Ich habe seither Kontakt mit der Universität Florenz aufgenommen und mich nach den von Shetreet erwähnten Forschungsergebnissen erkundigt. Aber keiner meiner Gesprächspartner dort hatte je davon gehört. Doch damit ist diese Geschichte noch nicht zu Ende. So hat sich einer der beiden Oberrabbiner Israels bei deren historischem Vatikan-Besuch im Jahr 2004 erneut nach der Menora erkundigt. Bei anderer Gelegenheit war der damalige israelische Präsident Moshe Katzav in der Angelegenheit aktiv. Auf meine Anfrage beim israelischen Aussenministerium wurde mir dazu in einer offiziellen E-Mail mitgeteilt: «Die Anfragen von Shetreet, dem Präsidenten und der Oberrabbiner reflektieren die lange vertretene Überzeugung, dass die katholische Kirche als Erbin Roms die Beute des Imperiums, die etwa auf dem Triumphbogen des Titus dokumentiert wird, übernommen hat. Es wird daher angenommen, dass sich unter den geraubten Schätzen des jüdischen Volkes in den Lagerräumen des Vatikans auch die Tempel-Menora befindet. Dies bedeutet aber noch nicht, dass rund 2000 Jahre Zeit genug für das Aussenministerium waren, eine politische Haltung zu dieser Frage zu entwickeln. Inoffiziell hoffen wir jedoch auf die Rückführung der Schätze des jüdischen Volkes in ihr rechtmässiges Heimatland. Aber wir erwarten nicht, dass die vor dem Erscheinen des Messias geschieht.»

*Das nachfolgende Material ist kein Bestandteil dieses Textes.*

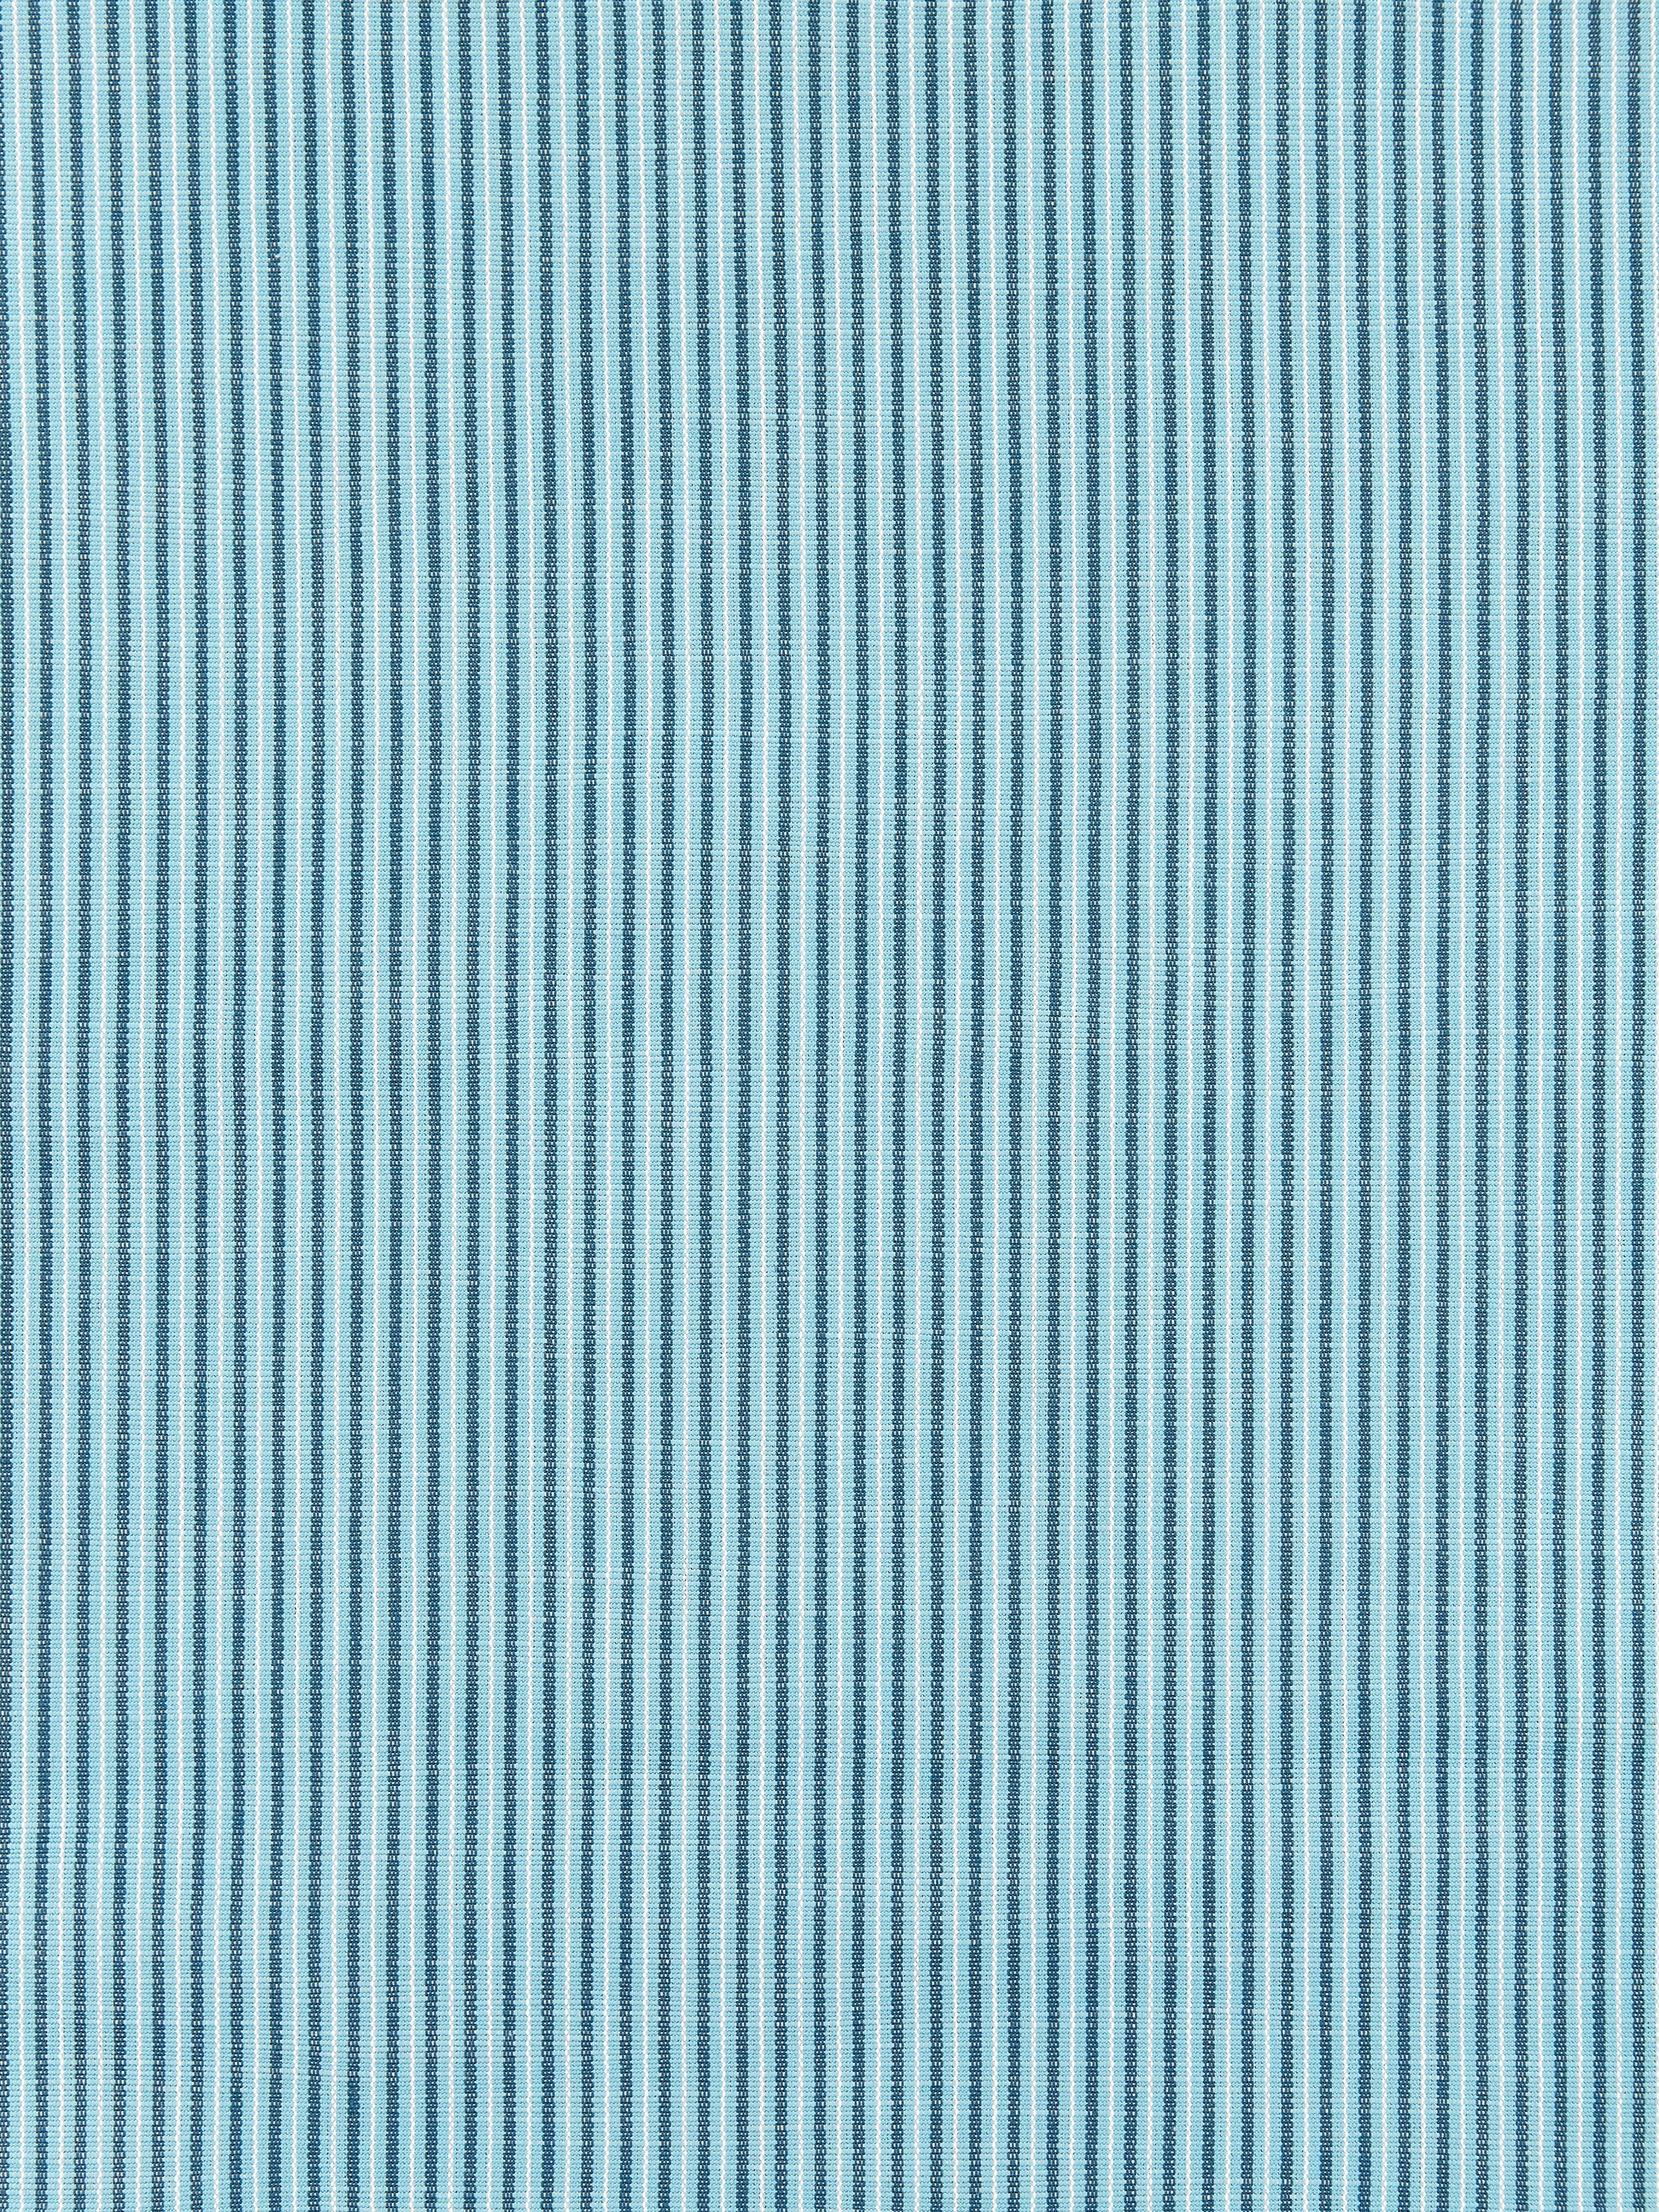 Tisbury Stripe fabric in azure color - pattern number SC 000227109 - by Scalamandre in the Scalamandre Fabrics Book 1 collection

Diese Anfragen bei der Kirche sind nur ein Ausdruck der jüdischen Hoffnung auf die Rückkehr der Tempel-Menora nach Jerusalem. Um den Leuchter ranken sich zahlreiche Legenden und viele Juden halten diese auch für historische Tatsachen. Laut einer dieser Geschichten hat ein gewisser Rabbiner aus Amerika den Leuchter im Vatikan gesehen. In einer anderen Version war dies einem marokkanischen Geistlichen aus Israel namens Rabbi Pinto vergönnt. Eine dritte Variante berichtet von einem Vatikan-Besuch des ehemaligen israelischen Oberrabbiners Isaac Herzog bei Papst Pius XII. (1939–1958). Dabei stand eigentlich die Rettung jüdischer Kinder zur Debatte, aber der Papst soll Rabbi Herzog bei dieser Gelegenheit die Menora gezeigt, deren Rückgabe jedoch verweigert haben.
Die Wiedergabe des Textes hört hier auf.